In the context of emotion recognition of ENNM images, students' emotional states not only affect their learning performance but also influence the classroom atmosphere and teachers' teaching strategies. Therefore, accurately identifying and distinguishing different emotion categories is particularly important. Hence, this paper further introduces category loss, which not only focuses on the differences between the predicted and annotated categories but also considers the distribution of these differences on the emotion circumplex. This is specifically achieved by measuring the difference in polar angles between the predicted emotion vector and the actual annotated emotion vector. This method leverages the emotion circumplex model, translating the similarity of emotion categories into geometric angle distances, thereby more intuitively reflecting the relationships between different emotion categories.

${{M}_{s}}=\frac{1}{V}\sum\limits_{u=1}^{V}{{{\left( {{\varphi }_{u}}-{{{\hat{\varphi }}}_{u}} \right)}^{2}}}$     (8)

In the above formula, the closer the polar angles of the two emotion vectors, the more similar the emotional states they represent.
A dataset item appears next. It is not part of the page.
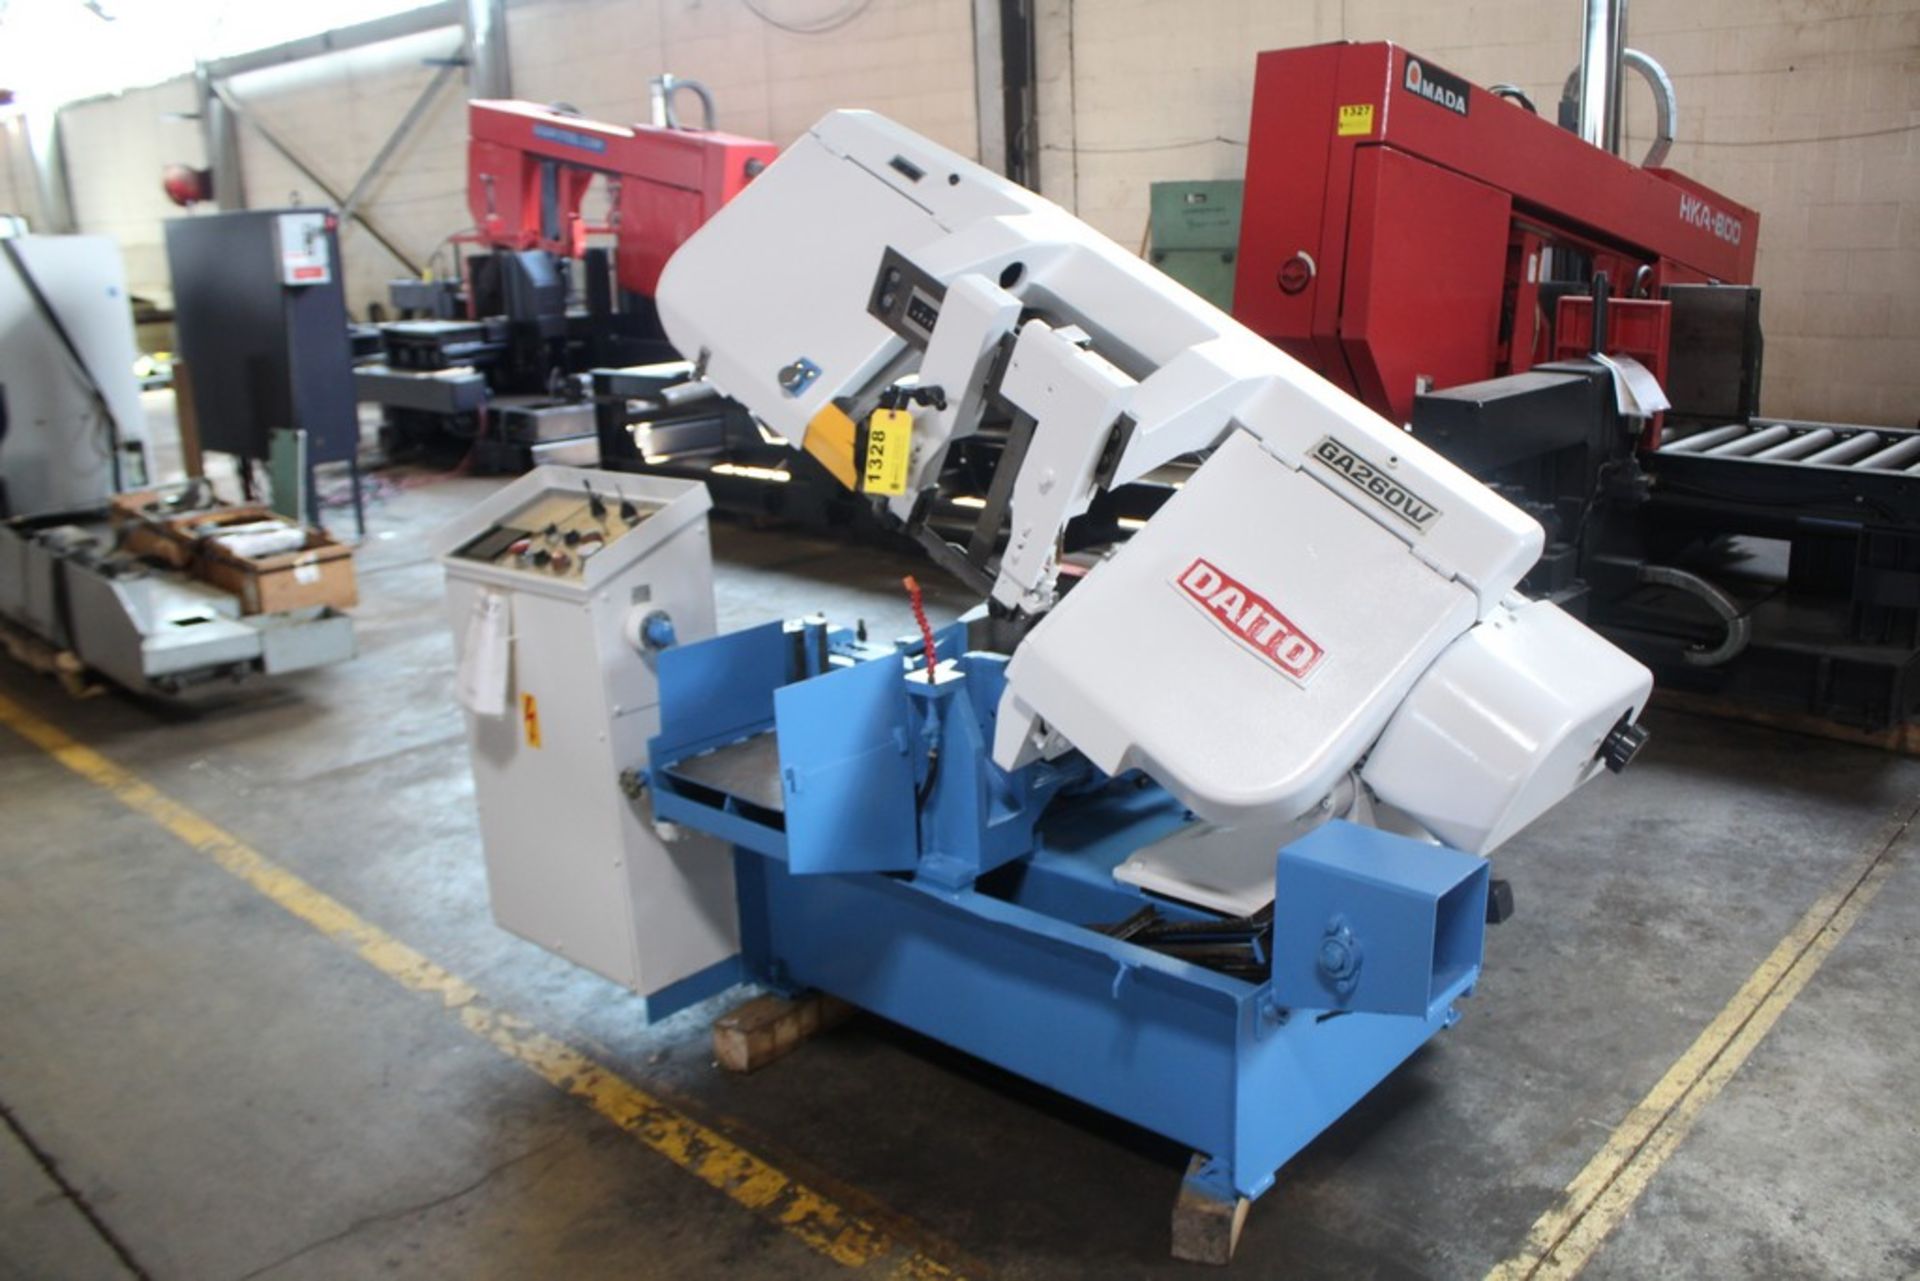 12" X 10" DAITO #GA260W HYDRAULIC FULLY AUTOMATIC HORIZONTAL BAND SAW, S/N 47KY80384 (1998) EQUIPPED

However, merely considering emotion categories may not be sufficient. For example, suppose there are two ENNM images with the same emotion category but significantly different emotion intensities. In this case, it is difficult to consider these two images as having the same emotional state. Therefore, in the construction of the progressive cyclic loss, we further introduce emotion intensity to more detailedly and accurately characterize emotional states. Specifically, this paper incorporates e_u as the confidence level of ϕ_u and o_u into polarity loss and category loss, namely:

${{M}_{OZ}}=\frac{1}{V}\sum\limits_{u=1}^{V}{{{e}_{u}}}\left( {{\left( {{o}_{u}}-{{{\hat{o}}}_{u}} \right)}^{2}}+{{\left( {{\varphi }_{u}}-{{{\hat{\varphi }}}_{u}} \right)}^{2}} \right)$     (9)

This paper combines the traditional KL loss with the proposed progressive cyclic loss, taking the weighted sum of the two as the loss function of the entire network. The KL loss measures the difference between the predicted distribution and the true distribution, while the PC loss refines the representation of emotional states by introducing emotion intensity and polar angles in the polar coordinate system. Assuming the hyperparameter balancing the two loss functions is represented by ω, the formula is:

$M=\left( 1-\omega  \right){{M}_{JM}}+\omega {{M}_{OZ}}$     (10)

Through this method, the model can roughly identify emotion categories in the initial stage and perform finer adjustments and optimizations in subsequent stages by introducing emotion intensity and polarity. This progressive refinement process ensures the accuracy and sensitivity of emotion recognition, particularly in educational scenarios, enabling better capture of subtle changes in students' emotions.